Source data:
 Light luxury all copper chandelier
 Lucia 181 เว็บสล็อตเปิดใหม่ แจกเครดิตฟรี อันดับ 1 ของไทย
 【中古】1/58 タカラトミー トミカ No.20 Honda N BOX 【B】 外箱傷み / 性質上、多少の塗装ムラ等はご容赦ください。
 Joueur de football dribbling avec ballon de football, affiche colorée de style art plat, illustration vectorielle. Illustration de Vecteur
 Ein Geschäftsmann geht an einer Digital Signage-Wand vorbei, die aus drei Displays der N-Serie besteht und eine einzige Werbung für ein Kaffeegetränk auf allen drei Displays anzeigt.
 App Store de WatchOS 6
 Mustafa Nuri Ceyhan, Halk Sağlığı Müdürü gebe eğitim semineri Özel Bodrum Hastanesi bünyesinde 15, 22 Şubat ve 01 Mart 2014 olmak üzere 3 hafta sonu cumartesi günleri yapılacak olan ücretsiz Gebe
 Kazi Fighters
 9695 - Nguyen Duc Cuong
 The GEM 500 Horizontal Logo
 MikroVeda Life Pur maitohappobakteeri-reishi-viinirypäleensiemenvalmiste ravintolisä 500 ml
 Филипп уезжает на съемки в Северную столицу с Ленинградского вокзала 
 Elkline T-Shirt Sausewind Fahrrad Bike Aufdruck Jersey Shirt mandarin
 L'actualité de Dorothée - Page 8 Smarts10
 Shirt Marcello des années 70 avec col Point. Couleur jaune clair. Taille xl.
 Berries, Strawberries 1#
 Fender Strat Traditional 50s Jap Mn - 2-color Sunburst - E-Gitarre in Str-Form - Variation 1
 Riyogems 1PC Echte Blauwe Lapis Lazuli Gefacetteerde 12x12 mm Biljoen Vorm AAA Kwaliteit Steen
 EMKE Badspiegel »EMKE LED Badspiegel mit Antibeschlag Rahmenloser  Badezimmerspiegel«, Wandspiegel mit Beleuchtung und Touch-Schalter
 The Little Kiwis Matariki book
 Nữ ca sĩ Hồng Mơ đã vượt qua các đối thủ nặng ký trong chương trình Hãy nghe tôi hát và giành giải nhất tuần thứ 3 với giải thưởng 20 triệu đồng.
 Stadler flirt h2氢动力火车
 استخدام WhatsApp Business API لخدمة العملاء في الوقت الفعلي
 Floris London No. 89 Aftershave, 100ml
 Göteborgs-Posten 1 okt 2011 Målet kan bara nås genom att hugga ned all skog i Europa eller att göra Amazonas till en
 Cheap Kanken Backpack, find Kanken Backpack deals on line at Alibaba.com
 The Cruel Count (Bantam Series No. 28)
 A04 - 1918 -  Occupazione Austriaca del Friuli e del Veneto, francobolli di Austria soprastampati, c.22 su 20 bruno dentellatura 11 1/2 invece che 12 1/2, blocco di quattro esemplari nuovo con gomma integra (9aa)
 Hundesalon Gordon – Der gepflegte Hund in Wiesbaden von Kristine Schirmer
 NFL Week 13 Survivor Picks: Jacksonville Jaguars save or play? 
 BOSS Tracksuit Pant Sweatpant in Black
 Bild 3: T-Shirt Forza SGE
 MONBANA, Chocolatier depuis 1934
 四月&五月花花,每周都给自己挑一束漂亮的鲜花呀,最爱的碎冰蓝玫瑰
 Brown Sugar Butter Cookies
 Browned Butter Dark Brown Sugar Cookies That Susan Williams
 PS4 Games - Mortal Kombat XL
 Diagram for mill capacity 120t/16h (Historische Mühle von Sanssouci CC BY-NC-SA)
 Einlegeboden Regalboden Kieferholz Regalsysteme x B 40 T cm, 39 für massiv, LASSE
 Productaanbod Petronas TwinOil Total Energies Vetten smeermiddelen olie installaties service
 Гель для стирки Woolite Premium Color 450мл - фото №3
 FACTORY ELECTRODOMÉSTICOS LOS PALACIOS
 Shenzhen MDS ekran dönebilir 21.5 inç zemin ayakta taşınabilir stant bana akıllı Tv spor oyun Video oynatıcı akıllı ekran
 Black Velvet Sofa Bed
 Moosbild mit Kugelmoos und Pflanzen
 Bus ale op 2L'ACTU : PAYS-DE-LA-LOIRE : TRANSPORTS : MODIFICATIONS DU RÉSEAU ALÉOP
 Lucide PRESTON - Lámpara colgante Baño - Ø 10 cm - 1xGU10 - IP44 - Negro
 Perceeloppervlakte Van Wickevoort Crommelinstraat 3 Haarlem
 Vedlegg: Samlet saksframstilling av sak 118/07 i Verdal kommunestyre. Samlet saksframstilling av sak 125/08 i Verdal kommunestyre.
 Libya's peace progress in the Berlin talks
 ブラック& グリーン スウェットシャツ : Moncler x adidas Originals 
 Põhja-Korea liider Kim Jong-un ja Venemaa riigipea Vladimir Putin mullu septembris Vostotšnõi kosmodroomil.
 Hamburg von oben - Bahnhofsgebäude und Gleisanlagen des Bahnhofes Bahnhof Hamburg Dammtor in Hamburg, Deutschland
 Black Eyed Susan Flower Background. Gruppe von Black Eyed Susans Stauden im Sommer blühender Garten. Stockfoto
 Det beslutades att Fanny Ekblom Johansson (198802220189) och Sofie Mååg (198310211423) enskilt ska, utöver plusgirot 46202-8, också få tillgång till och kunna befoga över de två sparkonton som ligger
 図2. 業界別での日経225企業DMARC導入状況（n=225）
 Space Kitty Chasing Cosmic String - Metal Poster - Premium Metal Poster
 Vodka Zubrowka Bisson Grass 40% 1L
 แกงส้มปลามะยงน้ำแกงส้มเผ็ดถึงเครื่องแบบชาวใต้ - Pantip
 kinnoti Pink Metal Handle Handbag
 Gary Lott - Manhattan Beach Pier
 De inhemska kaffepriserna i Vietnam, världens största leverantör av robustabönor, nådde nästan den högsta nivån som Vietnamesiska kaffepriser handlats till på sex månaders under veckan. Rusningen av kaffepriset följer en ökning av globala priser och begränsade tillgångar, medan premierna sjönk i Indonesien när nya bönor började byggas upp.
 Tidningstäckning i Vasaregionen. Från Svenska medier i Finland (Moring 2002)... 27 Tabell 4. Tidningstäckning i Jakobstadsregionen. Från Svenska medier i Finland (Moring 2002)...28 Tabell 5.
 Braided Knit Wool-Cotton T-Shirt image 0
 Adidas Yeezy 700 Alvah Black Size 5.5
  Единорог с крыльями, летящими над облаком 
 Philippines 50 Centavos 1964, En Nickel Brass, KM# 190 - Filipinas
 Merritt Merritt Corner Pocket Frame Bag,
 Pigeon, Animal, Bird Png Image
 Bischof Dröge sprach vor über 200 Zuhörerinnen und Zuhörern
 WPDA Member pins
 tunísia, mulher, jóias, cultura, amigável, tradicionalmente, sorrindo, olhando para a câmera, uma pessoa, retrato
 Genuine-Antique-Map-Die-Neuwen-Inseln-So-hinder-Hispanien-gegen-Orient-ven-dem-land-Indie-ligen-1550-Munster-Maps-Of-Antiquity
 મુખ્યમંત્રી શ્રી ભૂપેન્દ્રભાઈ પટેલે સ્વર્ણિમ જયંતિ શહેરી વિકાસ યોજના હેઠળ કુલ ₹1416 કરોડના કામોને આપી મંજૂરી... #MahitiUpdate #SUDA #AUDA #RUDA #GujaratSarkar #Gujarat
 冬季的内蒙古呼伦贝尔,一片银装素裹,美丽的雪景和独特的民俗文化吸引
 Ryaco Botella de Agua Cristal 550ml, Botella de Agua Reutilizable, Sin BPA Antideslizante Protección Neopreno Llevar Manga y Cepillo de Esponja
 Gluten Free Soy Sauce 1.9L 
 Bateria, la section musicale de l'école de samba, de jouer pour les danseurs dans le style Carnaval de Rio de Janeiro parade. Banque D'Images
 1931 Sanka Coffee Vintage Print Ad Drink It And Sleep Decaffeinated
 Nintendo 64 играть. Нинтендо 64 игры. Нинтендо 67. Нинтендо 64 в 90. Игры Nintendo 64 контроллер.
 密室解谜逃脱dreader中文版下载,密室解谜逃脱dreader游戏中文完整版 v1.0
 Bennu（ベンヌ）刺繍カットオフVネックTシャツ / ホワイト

*About this task*:
Only the lines above starting at the line that holds "Vodka Zubrowka Bisson Grass 40% 1L" and ending at the line that holds "1931 Sanka Coffee" are to be repeated, exactly and in full.

*Exercise response*:
 Vodka Zubrowka Bisson Grass 40% 1L
 แกงส้มปลามะยงน้ำแกงส้มเผ็ดถึงเครื่องแบบชาวใต้ - Pantip
 kinnoti Pink Metal Handle Handbag
 Gary Lott - Manhattan Beach Pier
 De inhemska kaffepriserna i Vietnam, världens största leverantör av robustabönor, nådde nästan den högsta nivån som Vietnamesiska kaffepriser handlats till på sex månaders under veckan. Rusningen av kaffepriset följer en ökning av globala priser och begränsade tillgångar, medan premierna sjönk i Indonesien när nya bönor började byggas upp.
 Tidningstäckning i Vasaregionen. Från Svenska medier i Finland (Moring 2002)... 27 Tabell 4. Tidningstäckning i Jakobstadsregionen. Från Svenska medier i Finland (Moring 2002)...28 Tabell 5.
 Braided Knit Wool-Cotton T-Shirt image 0
 Adidas Yeezy 700 Alvah Black Size 5.5
  Единорог с крыльями, летящими над облаком 
 Philippines 50 Centavos 1964, En Nickel Brass, KM# 190 - Filipinas
 Merritt Merritt Corner Pocket Frame Bag,
 Pigeon, Animal, Bird Png Image
 Bischof Dröge sprach vor über 200 Zuhörerinnen und Zuhörern
 WPDA Member pins
 tunísia, mulher, jóias, cultura, amigável, tradicionalmente, sorrindo, olhando para a câmera, uma pessoa, retrato
 Genuine-Antique-Map-Die-Neuwen-Inseln-So-hinder-Hispanien-gegen-Orient-ven-dem-land-Indie-ligen-1550-Munster-Maps-Of-Antiquity
 મુખ્યમંત્રી શ્રી ભૂપેન્દ્રભાઈ પટેલે સ્વર્ણિમ જયંતિ શહેરી વિકાસ યોજના હેઠળ કુલ ₹1416 કરોડના કામોને આપી મંજૂરી... #MahitiUpdate #SUDA #AUDA #RUDA #GujaratSarkar #Gujarat
 冬季的内蒙古呼伦贝尔,一片银装素裹,美丽的雪景和独特的民俗文化吸引
 Ryaco Botella de Agua Cristal 550ml, Botella de Agua Reutilizable, Sin BPA Antideslizante Protección Neopreno Llevar Manga y Cepillo de Esponja
 Gluten Free Soy Sauce 1.9L 
 Bateria, la section musicale de l'école de samba, de jouer pour les danseurs dans le style Carnaval de Rio de Janeiro parade. Banque D'Images
 1931 Sanka Coffee Vintage Print Ad Drink It And Sleep Decaffeinated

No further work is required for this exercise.